Evrim Yazgin
Cosmos science journalist
Images of an embryo have for the first time been taken using cameras designed for making quantum measurements.
Such techniques could be used to determine the success of treatments such as IVF.
The research published in the journal APL Photonics explains how physicists used quantitative fluorescence microscopy –a digital camera that can count individual packets of light energy (individual photons) at each pixel – to take the images.
Detecting photons is a vital part of capturing biological processes. All life produces photons. For example, the heat produced by a warm-blooded animal is the radiation of infrared wavelength photons.
The new research allows scientists to examine natural states of biological processes with very low doses of light.
“Damage from illumination is a real concern which can often be overlooked,” says lead author Kishan Dholakia from the University of Adelaide in Australia. “Using the lowest level of light possible, together with these very sensitive cameras is important for understanding biology in live and developing cells.”
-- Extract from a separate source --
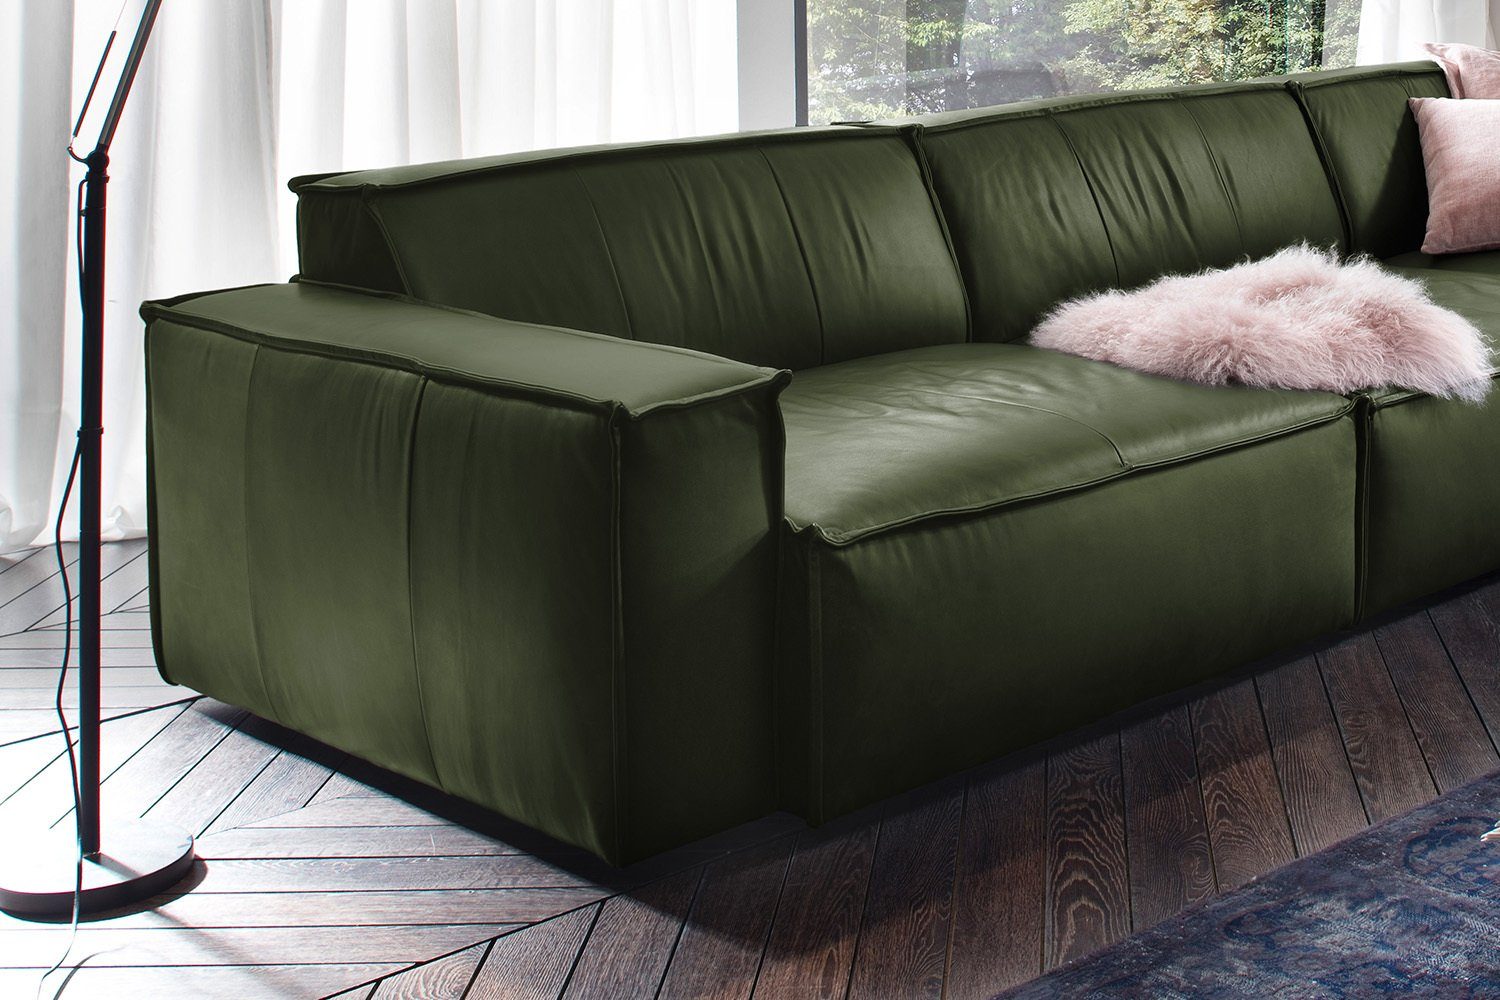 KAWOLA Sofa SAMU, Riesensofa Leder verschiedene Farben grün

Dholakia is the director of the university’s Centre of Light for Life.
“Modern imaging technology is very exciting with what it enables us to see,” he says.
The team imaged mouse embryos as part of a pre-clinical trial. They used the technology to see the faint signals produced by the embryos as their cells began to form a new living organism.
“These samples are living, developing specimens that serve as a foundation for studies supporting advancements in clinical IVF,” Dholakia says.
“A lot of natural compounds in cells light up when illuminated, and this can tell us a lot about what we’re looking at, but unfortunately the signal is very weak,” adds lead author Zane Peterkovic, a PhD student at the University of Adelaide. “It’s exciting to apply these quantum cameras and use it to get the most out of our microscopes.”
“A large part of the project involved developing a method to fairly compare the image quality across different cameras,” Peterkovic adds. “We even explored how AI can be used to remove noise from the captured images, which is essentially static because the camera struggles to capture enough light.”
The team hopes to delve deeper into quantum imaging. Identifying quantum states of light, for example, may give more information about living samples.